Identify website visitors with Clearbit Reveal and create HubSpot companies using code

high complexityCost: $0Recommended

Prerequisites

Prerequisites
  • Python 3.9+ or Node.js 18+
  • Clearbit Reveal API key (legacy) or HubSpot account with Breeze Intelligence add-on
  • HubSpot private app token with crm.objects.companies.read and crm.objects.companies.write scopes
  • Access to server logs or an analytics pipeline that captures visitor IP addresses
Clearbit is now Breeze Intelligence

Clearbit was acquired by HubSpot and rebranded as Breeze Intelligence.
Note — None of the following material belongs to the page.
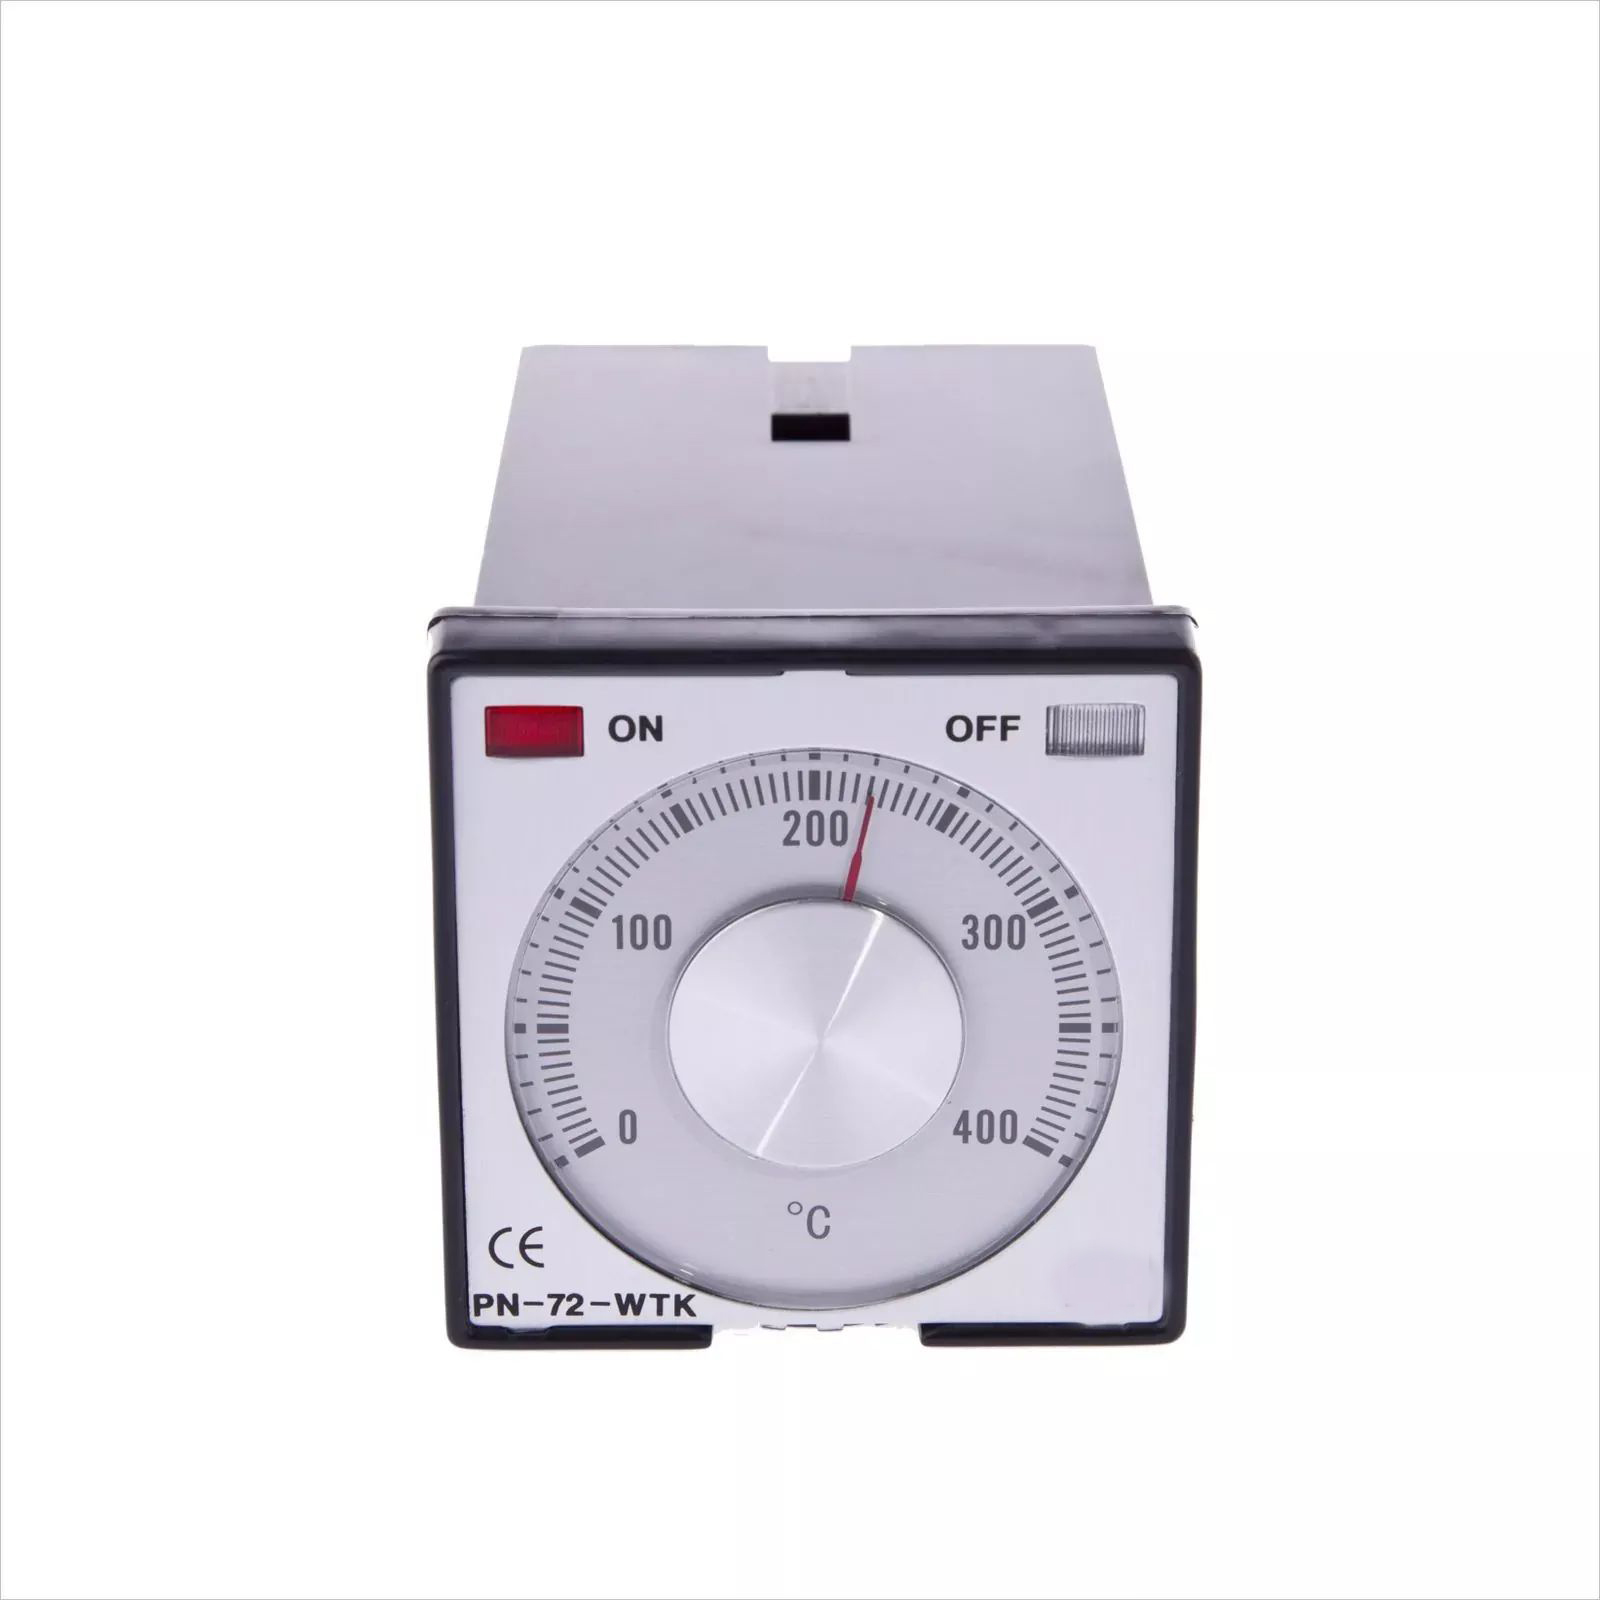 PN-72 multifunction digital panel meter with pointer For industrial machinery

The standalone Reveal API is being sunset. This guide covers both the legacy API approach (for existing Clearbit customers) and the HubSpot-native Breeze approach. New users should start with Breeze.

Why code?

Code gives you the most flexibility for parsing log formats, filtering IPs, and batch processing. You can handle server logs in any format (Apache, nginx, JSON), implement custom ICP scoring logic, and process thousands of IPs in a single run. Free to host on GitHub Actions.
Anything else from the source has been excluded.